Characterization of CZT materials for x-ray and gamma-ray detectors

Cadmium Zinc Telluride (CZT) detectors possess a unique combination of the necessary material properties required for high photon detection efficiency, high resistivity, good photoconductivity and acceptable electrical transport properties, and a great of progress has been made to fabricate good spectroscopic grade detectors from the crystals. Despite these notable advantages, their widespread deployment remains limited due to material defects and to issues associated with manufacturing of the devices. Material defects, such as twins, grain boundaries, Te inclusions, and dislocations are routinely observed in these crystals, which are known to degrade the device performance. We explored and analyzed the defects in various CZT detector-grade materials revealed by different methods, including IR microscopy, chemical etching and high-spatial x-ray mapping.
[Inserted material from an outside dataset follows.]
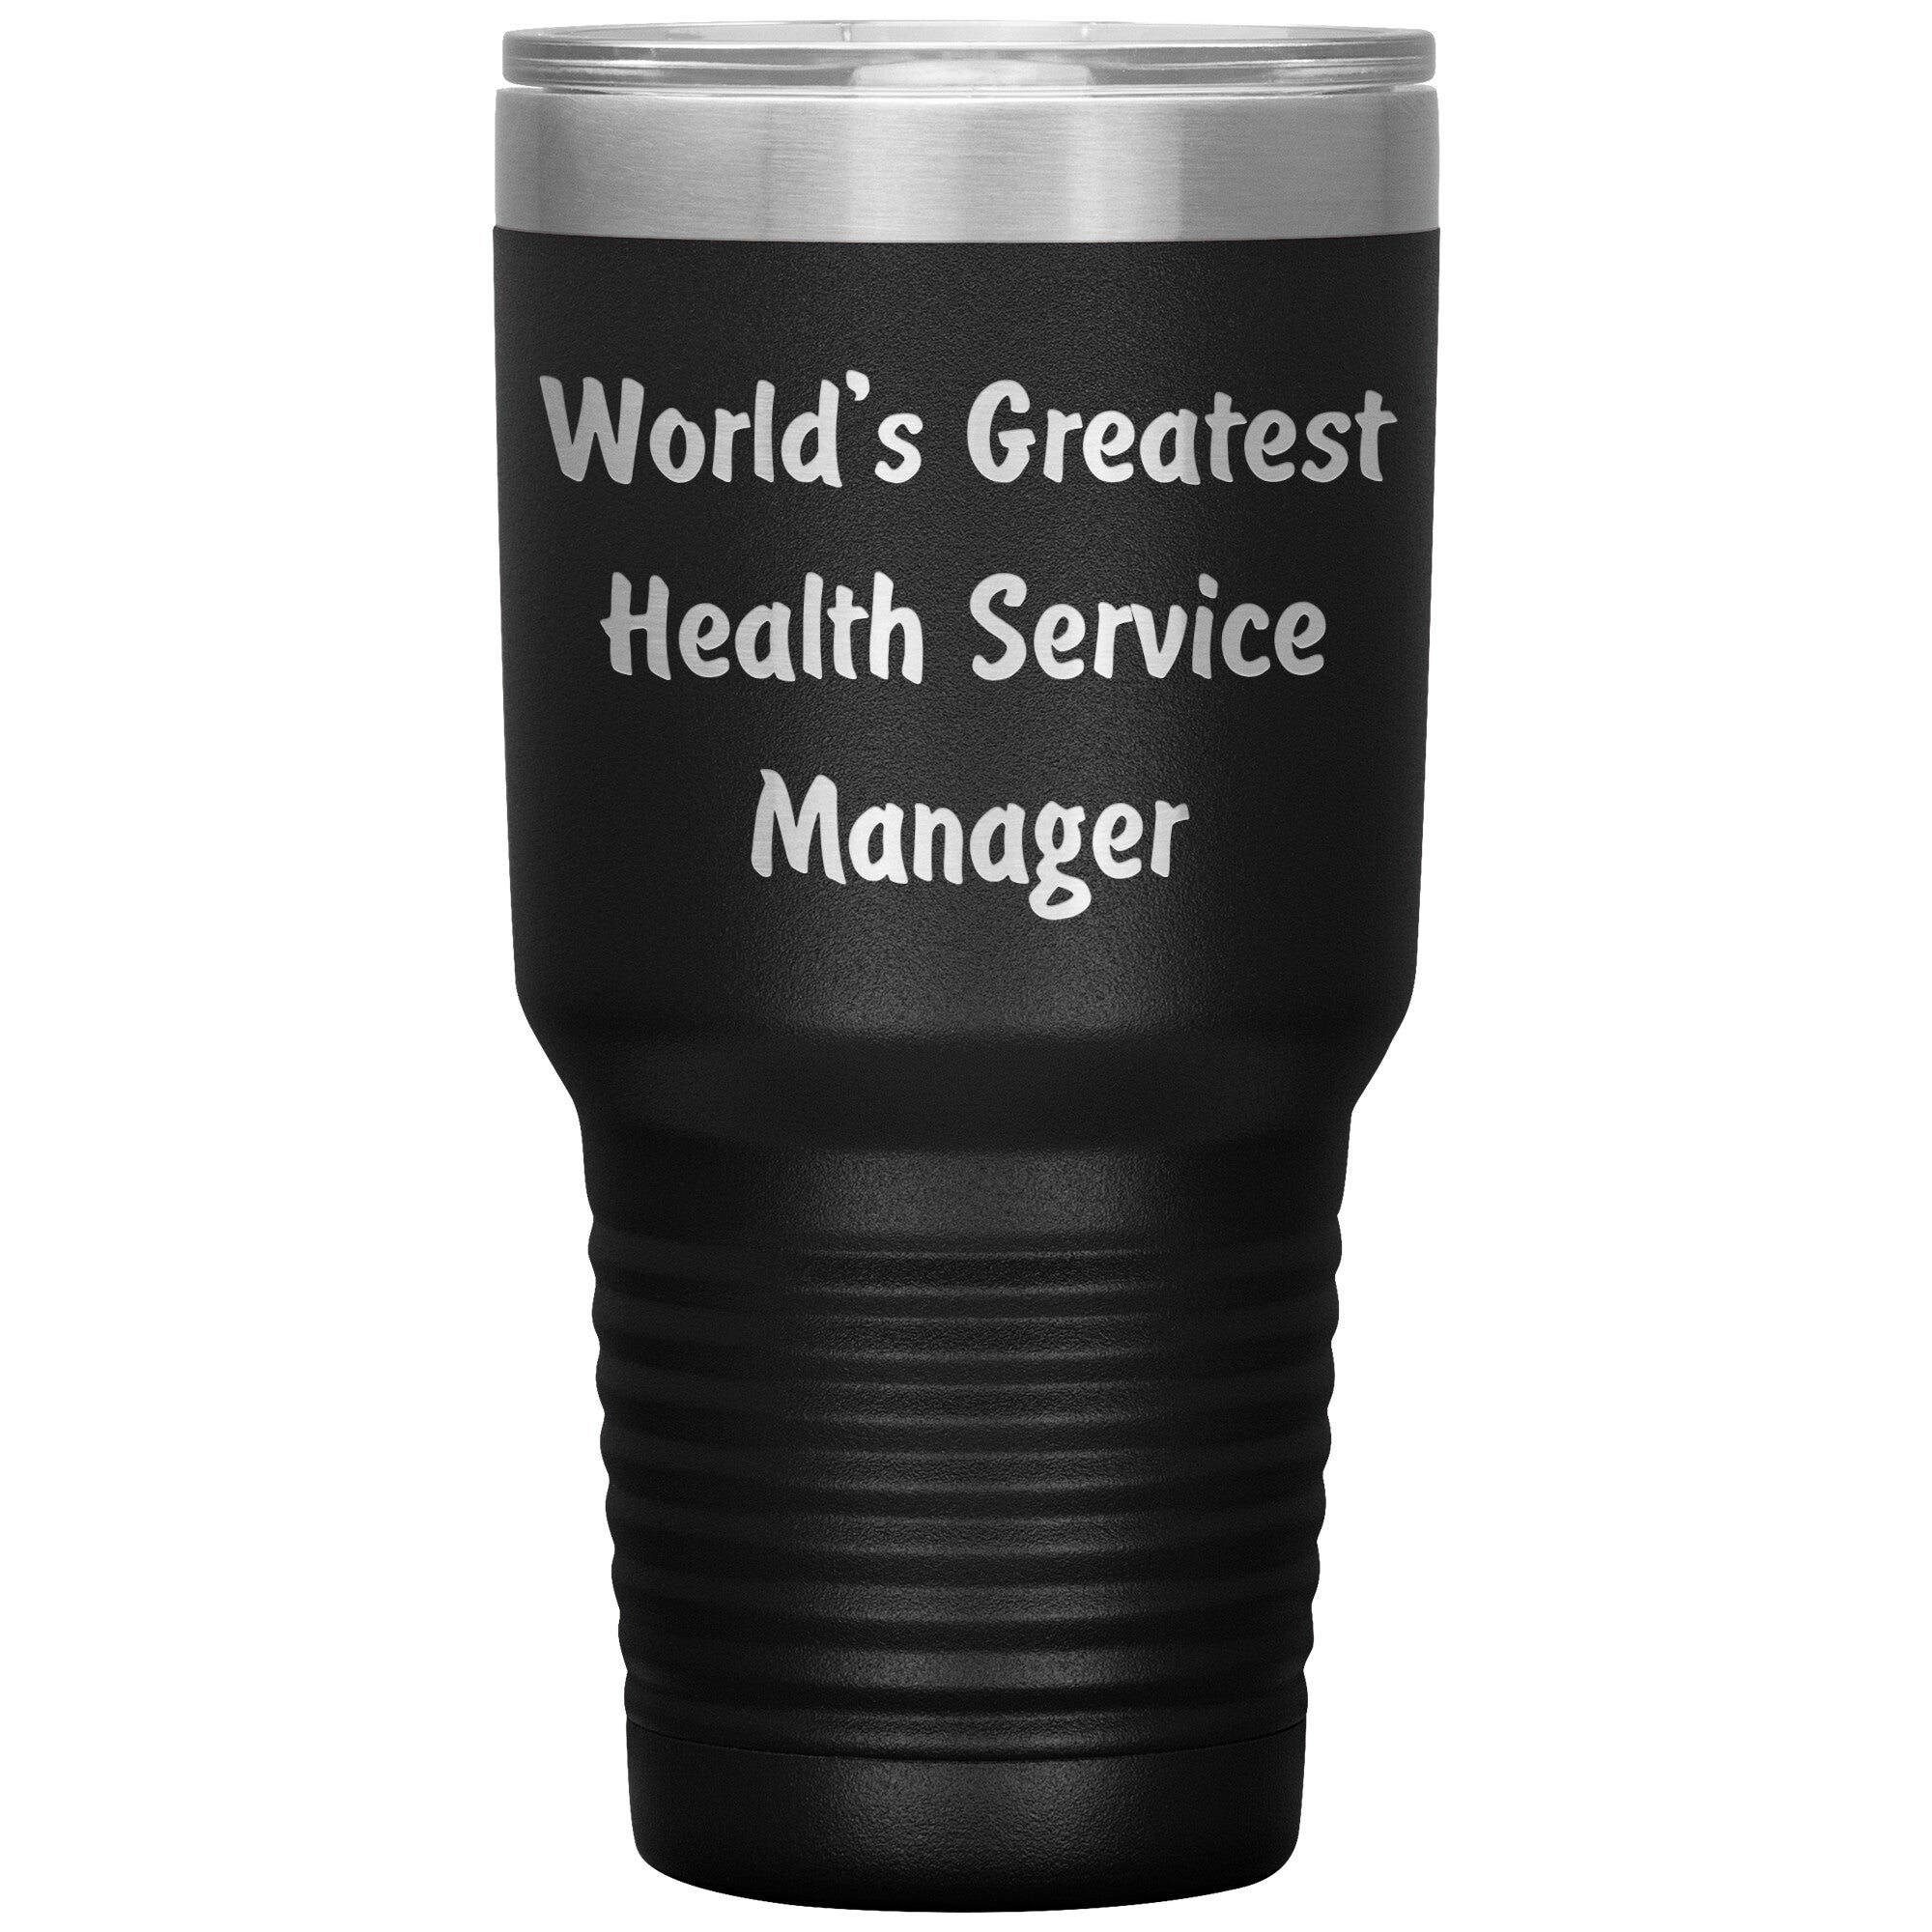 World's Greatest Health Service Manager - 30oz Insulated Tumbler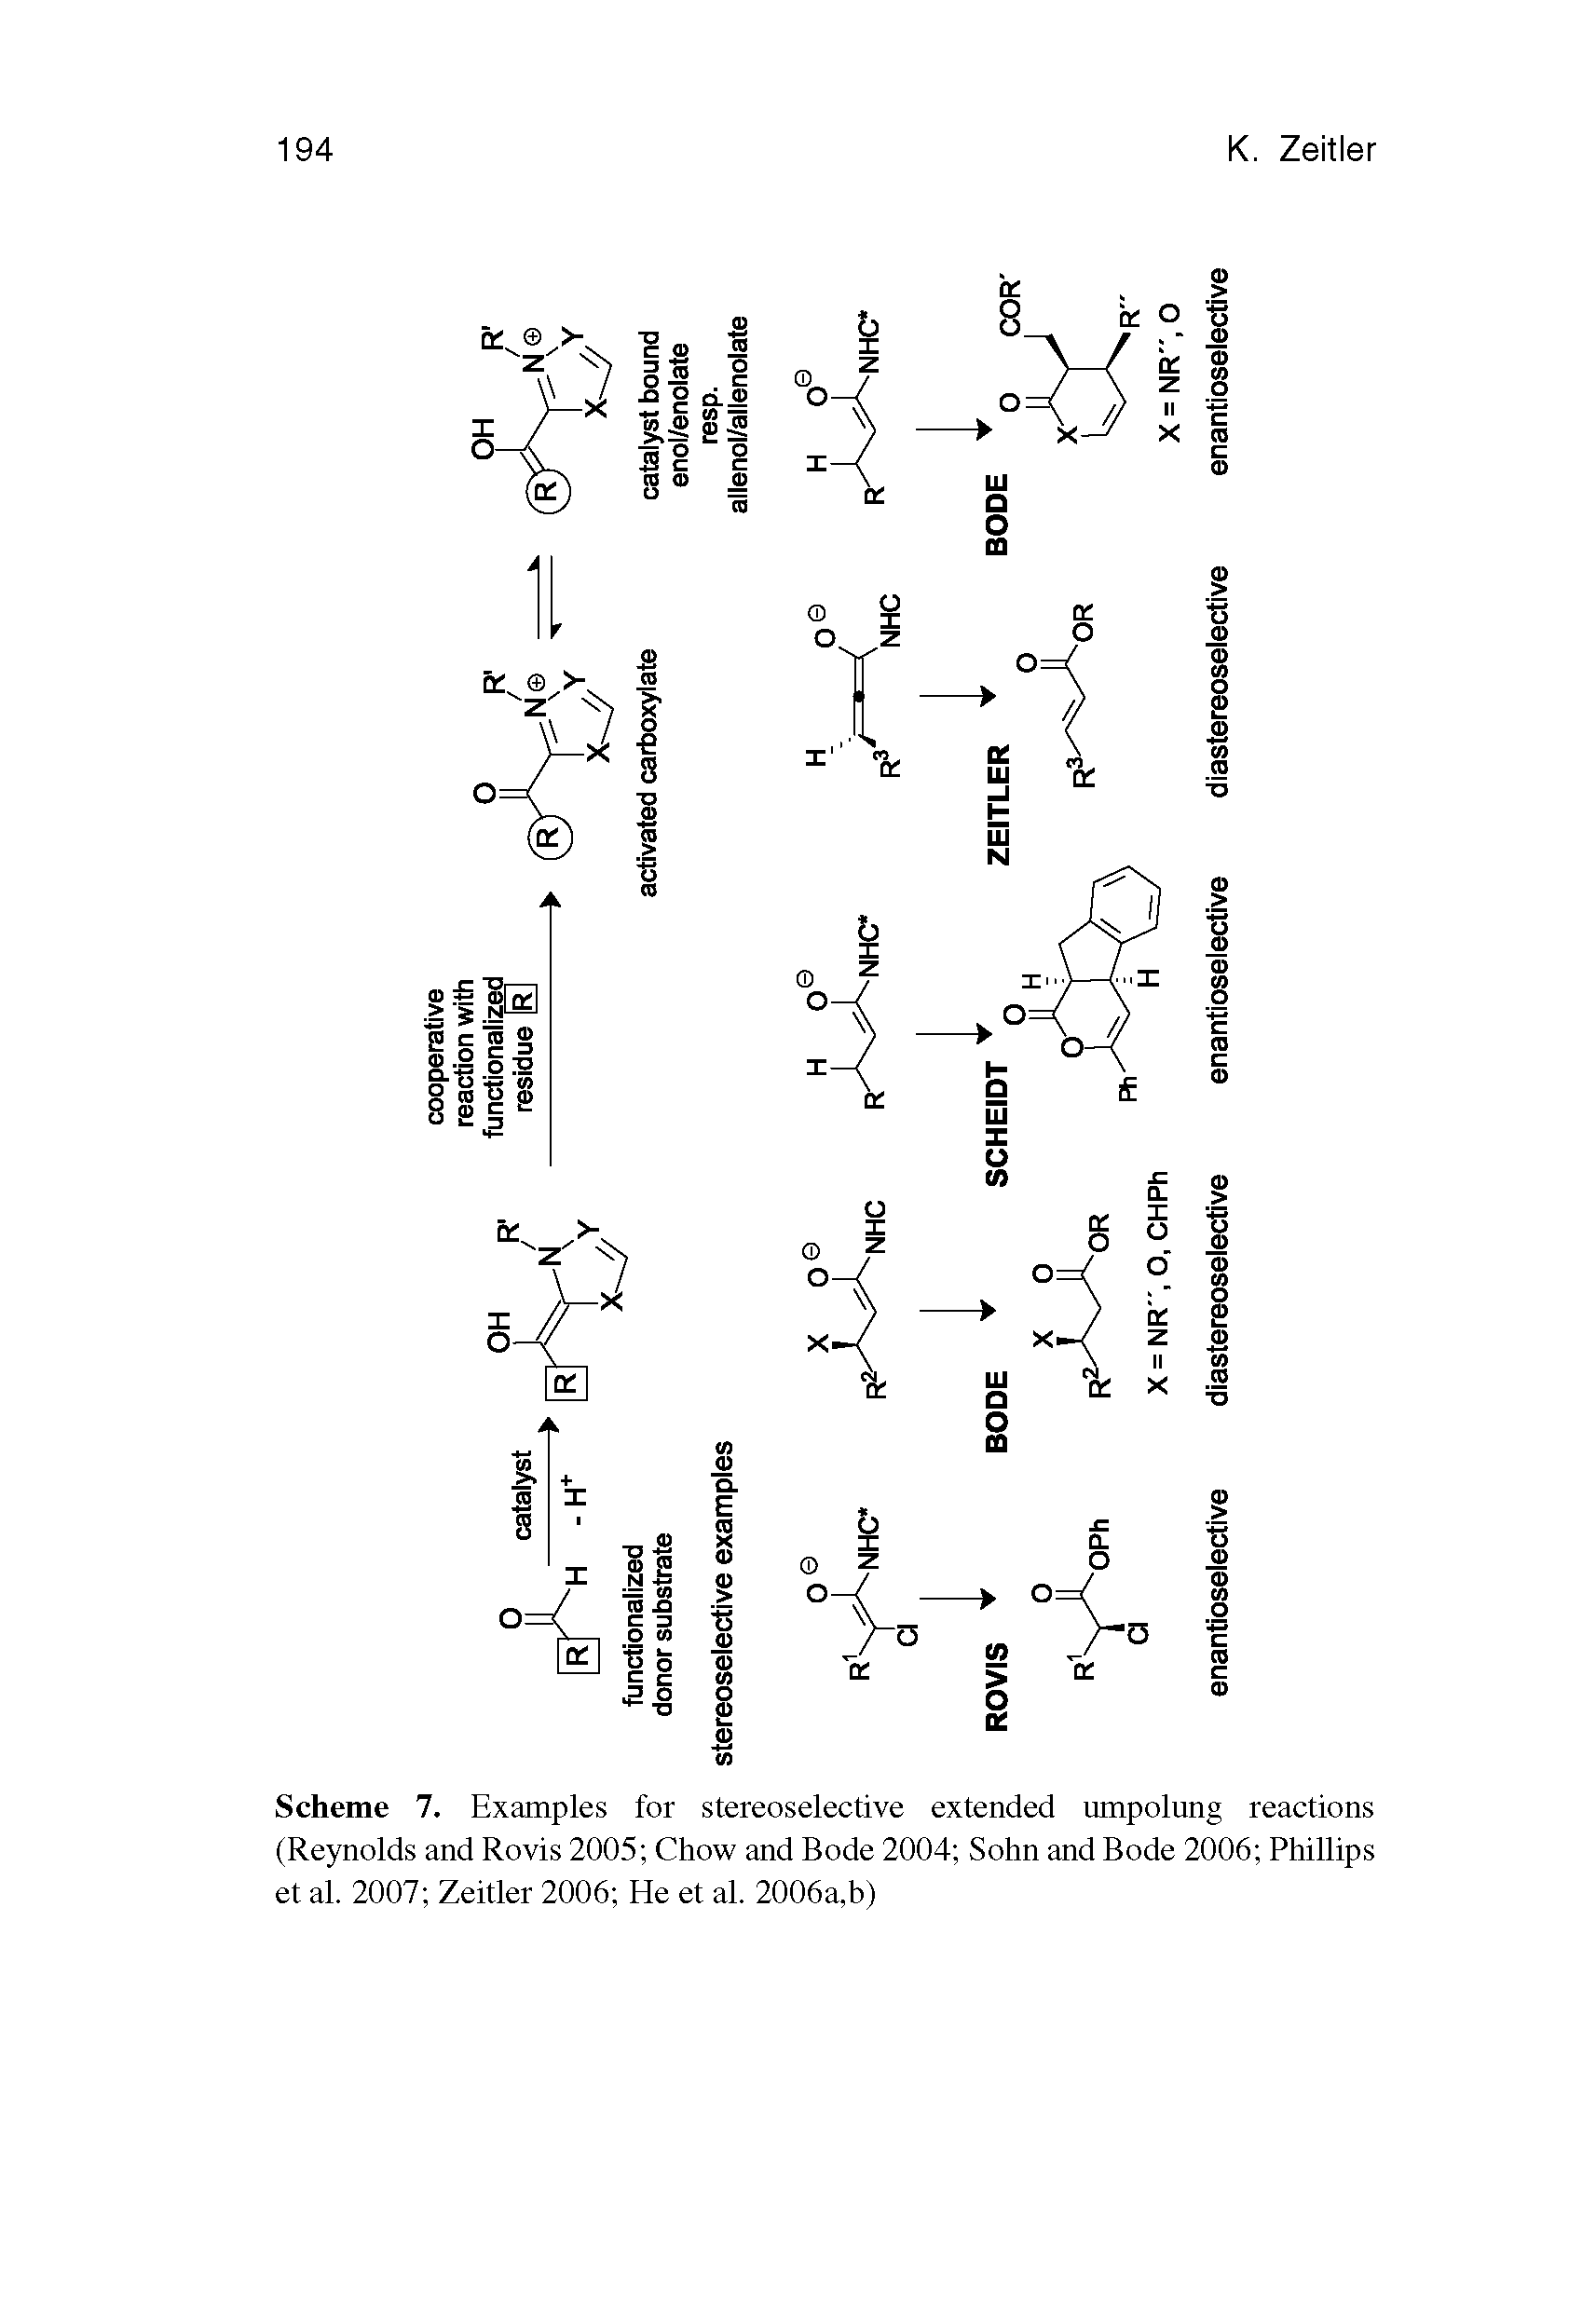 Scheme 7. Examples for stereoselective extended umpolung reactions (Reynolds and Rovis 2005 Chow and Bode 2004 Sohn and Bode 2006 Phillips et al. 2007 Zeitler 2006 He et al. 2006a,b)...

We correlated these data with the findings to disclose the characteristics of the defects. Besides materials issues, imperfection in processed crystals´ surfaces like mechanical damage and chemical species formation influence the electric field within the device, and significantly affect its charge transport characteristics. Such surfaces enhance leakage current into the medium and create additional trapping centers, thereby adversely affecting the detector´s performance. We prepared and processed the surfaces of some selected crystals and studied these treated surfaces by atomic force microscopy to identify the most efficient means of surface processing to yield the optimum quality surface for fabricating radiation detectors.